堺東を率いる久下洋之監督は穏やかな表情で激戦を振り返った。
2点を先制されたものの、中盤に同点に追いつき一時はリードも奪った。その勢いの中心にいたのは、マウンドに立ったエースのサウスポー・朝倉優翔だ。
内角を強気に攻め続け、凡打の山を築いた。「強い気持ちだけは忘れないようにしようと思いました」と本人が振り返ったように、ピンチになるほど向かっていく雰囲気を前面に出した。3回には満塁のピンチで適時打を許したが、中軸を迎えても冷静さを失っていなかった。「ピンチになるほど、低めに集めてフライを打たせていた」と指揮官もエースの心意気を感じ取っていた。
しかし前日からの連投で、疲労がピークだった。6回のピンチで1番打者を打ち取った後に足がつった。
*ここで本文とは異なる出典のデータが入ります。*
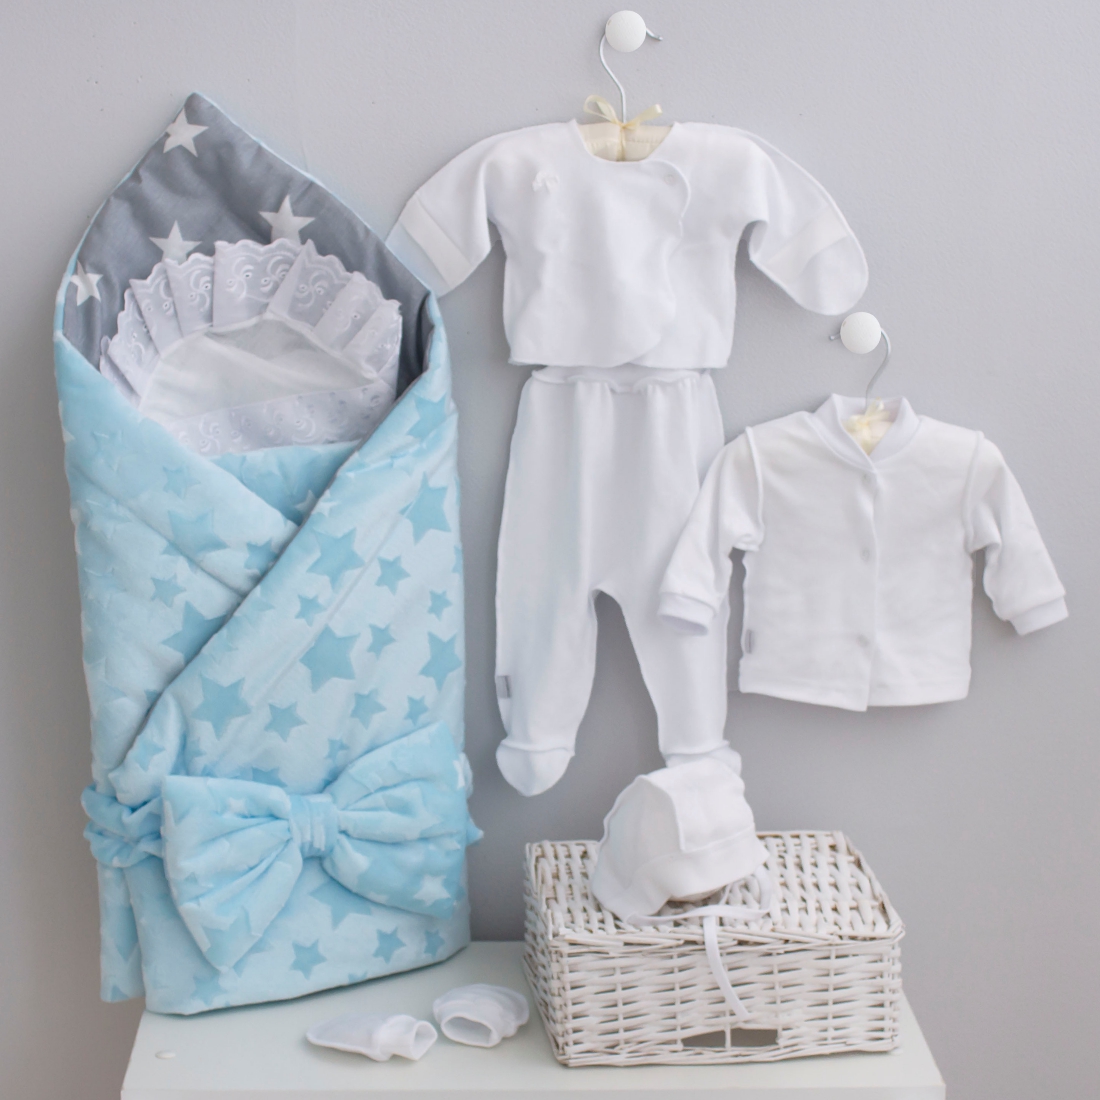 Какая одежда необходима для новорождённых?

指揮官も「100球ぐらいが交替の目処だと思った」と7回からピッチャーをダフィー洋平にスイッチ。
いきなりピンチを背負ったものの後続を断ち、何とか1点差を守り切りたかったが、最後は大商大堺の粘りに屈した。
6回2安打2失点とまずまずの内容に「最後まで強気に攻められたと思います」と涼しい顔を見せるも「やっぱり最後までマウンドに立ちたかったです。今日は無駄な球が多かったし、自分がスタミナ不足だったので、チームに迷惑をかけてしまいました」と悔しがった。だが、府大会ベスト8という成績はこの上ない自信になった。
「ストレートの精度をもっと上げたい。ストレートをもっと内角に投げられるよう、しっかり練習したいです。それとスタミナをもっとつけて、最後まで投げ切りたい」。
この悔しさを糧に、来夏は大阪の台風の目になってみせる。